** Opening EXTRACTED DATA block **

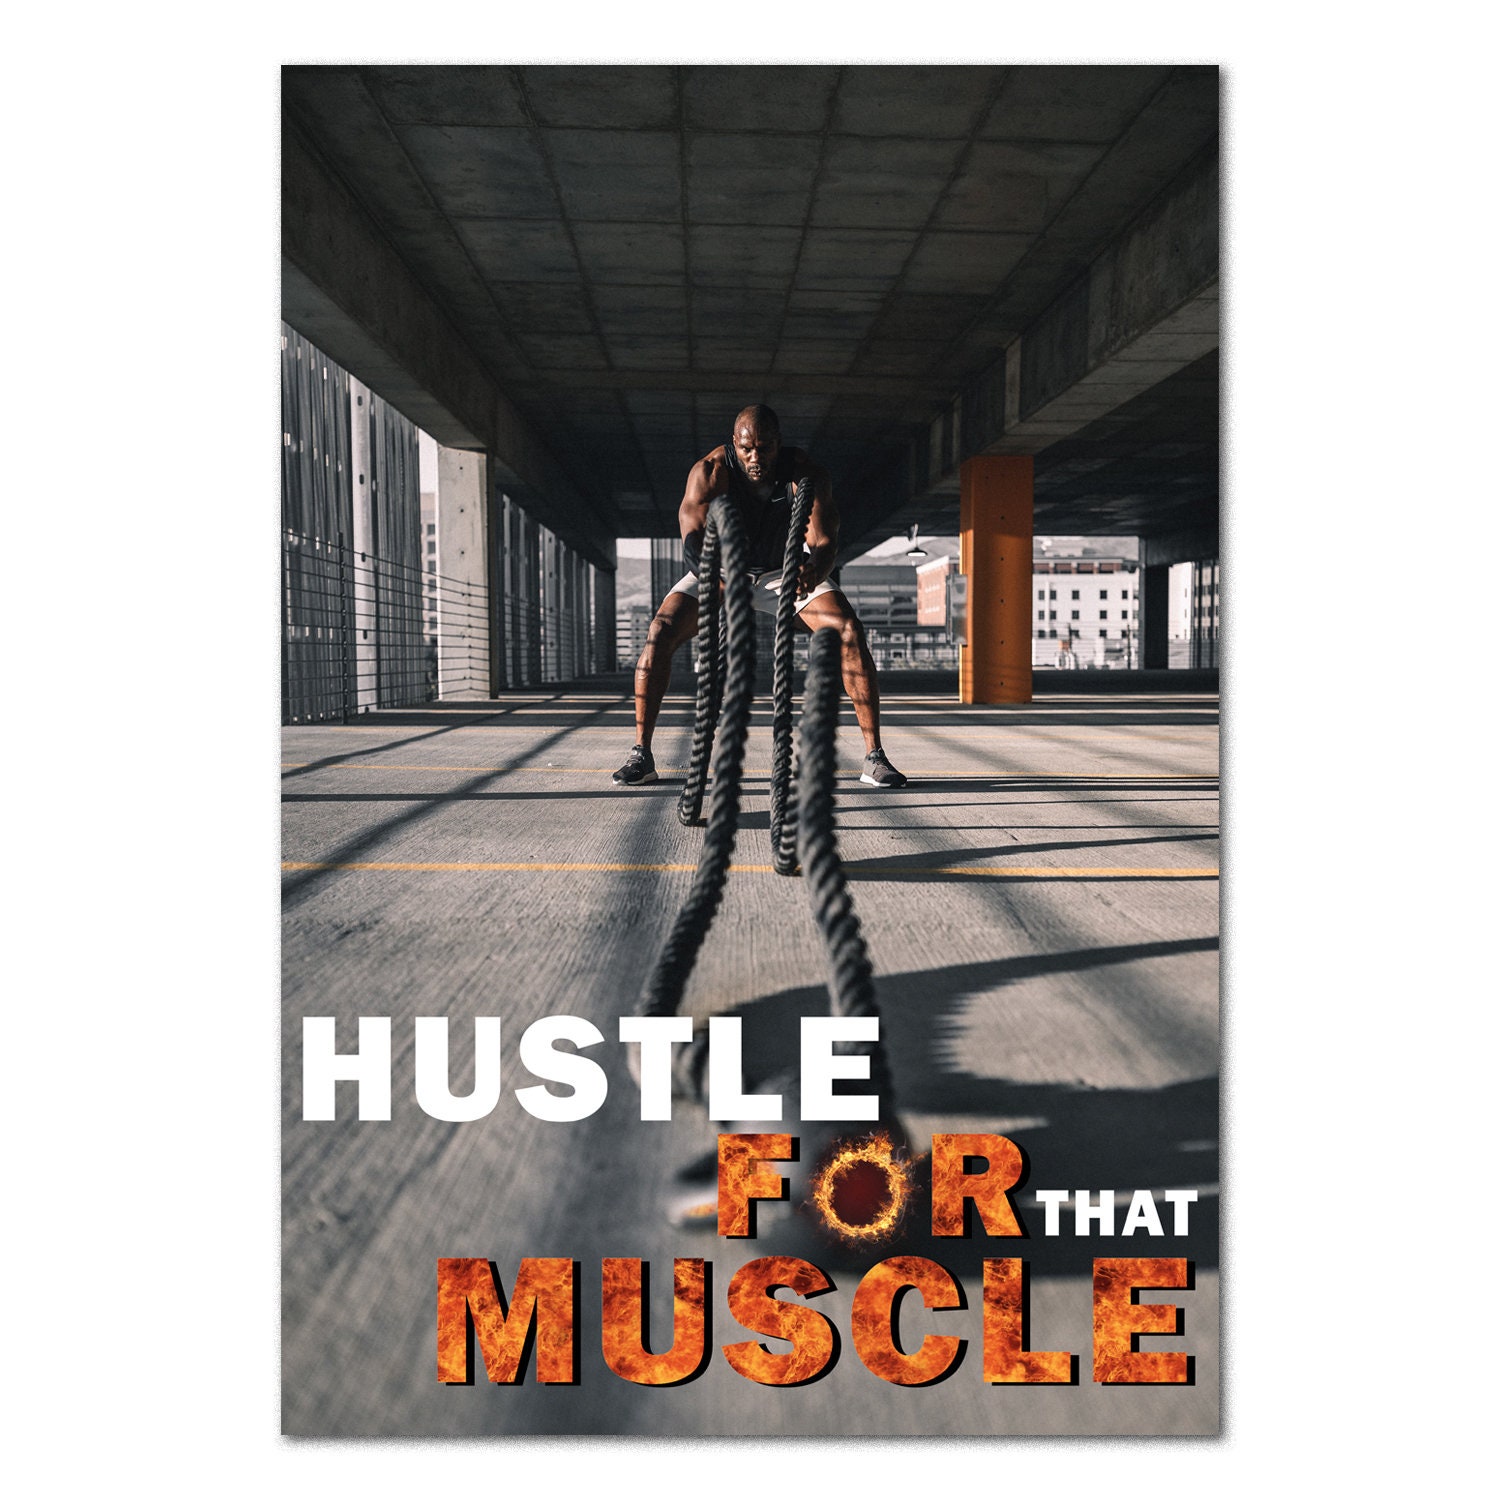 Fitness Posters Motivational Inspirational Quotes Prints for Bodybuilding Workout Men Women 20 - Wall Art for Home Office Gym - High Quality
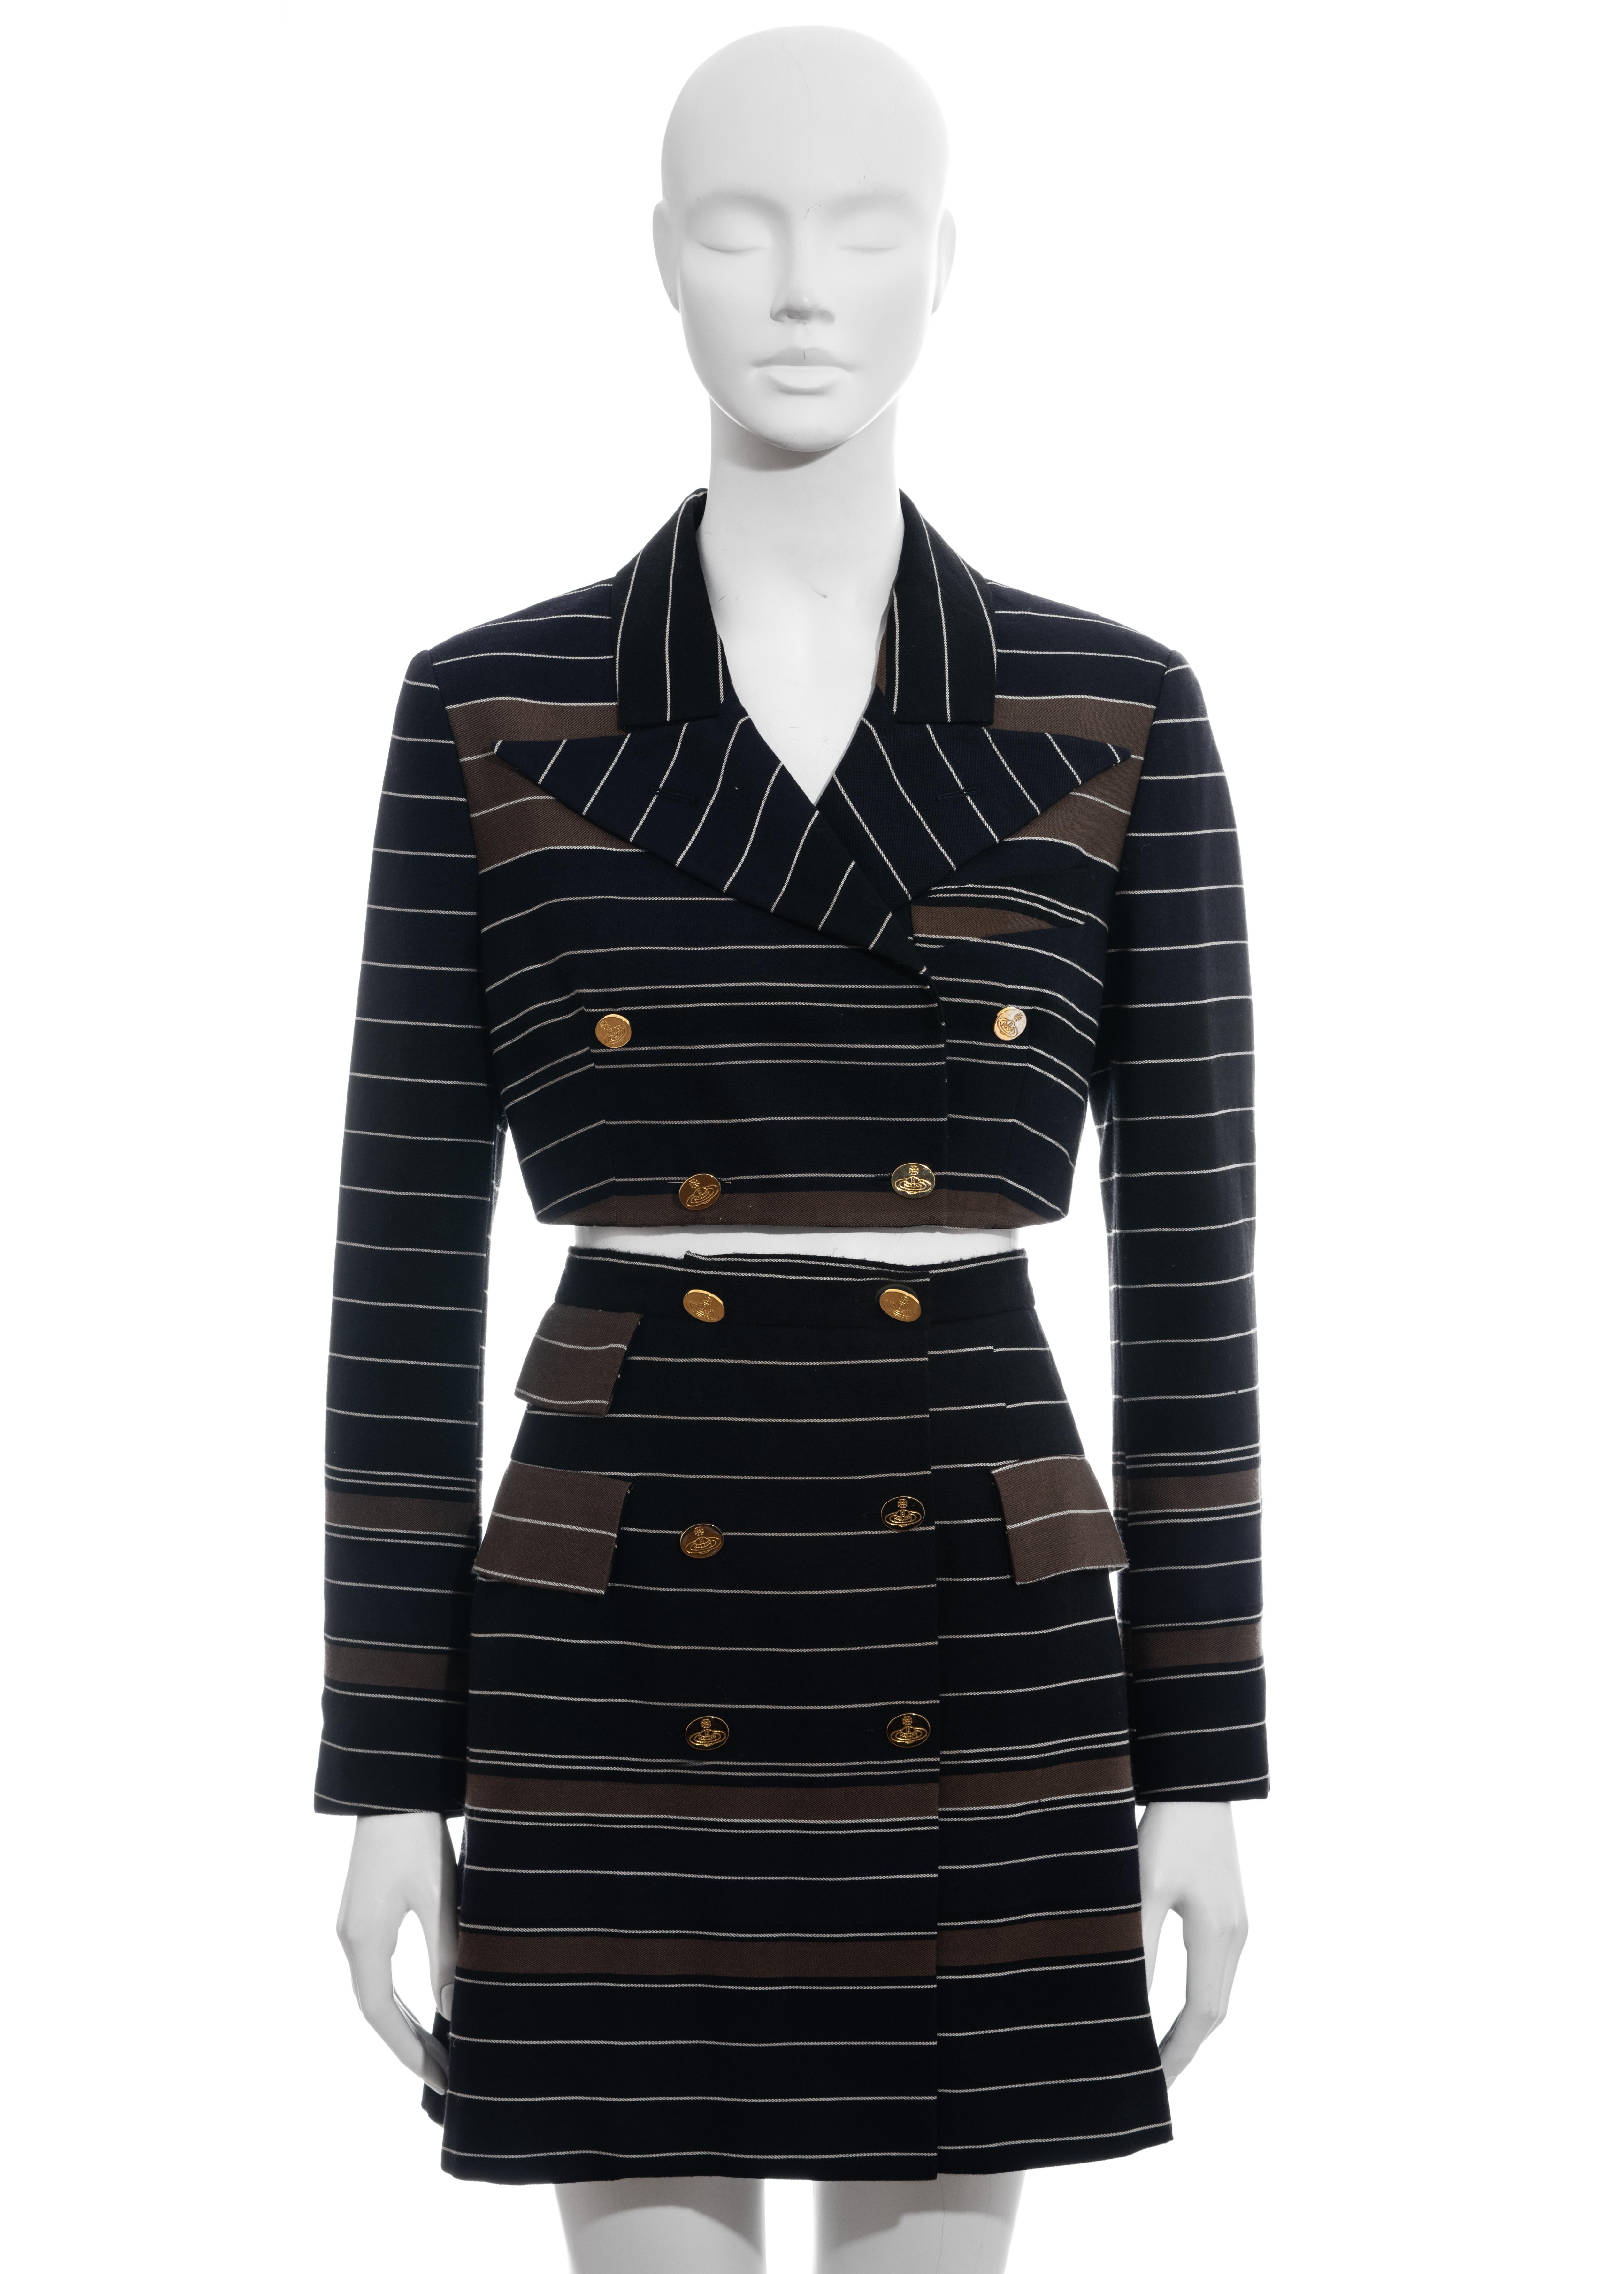 ▪ Vivienne Westwood skirt suit
▪ 69% Wool, 31% Cotton
▪ Black, Navy, Brown and White stripes 
▪ Doubled breasted cropped blazer jacket 
▪ High waist mini wrap skirt with built-in corset
▪ Gold orb etched buttons 
▪ IT 42 - FR 38 - UK 10 - US 6
▪

** Closing EXTRACTED DATA block **

TO DO:
What you copy should begin at the line with "cropped blazer jacket" and end at the final line of the listing, each line exactly as it is.

COMPLETED EXERCISE:
▪ Doubled breasted cropped blazer jacket 
▪ High waist mini wrap skirt with built-in corset
▪ Gold orb etched buttons 
▪ IT 42 - FR 38 - UK 10 - US 6
▪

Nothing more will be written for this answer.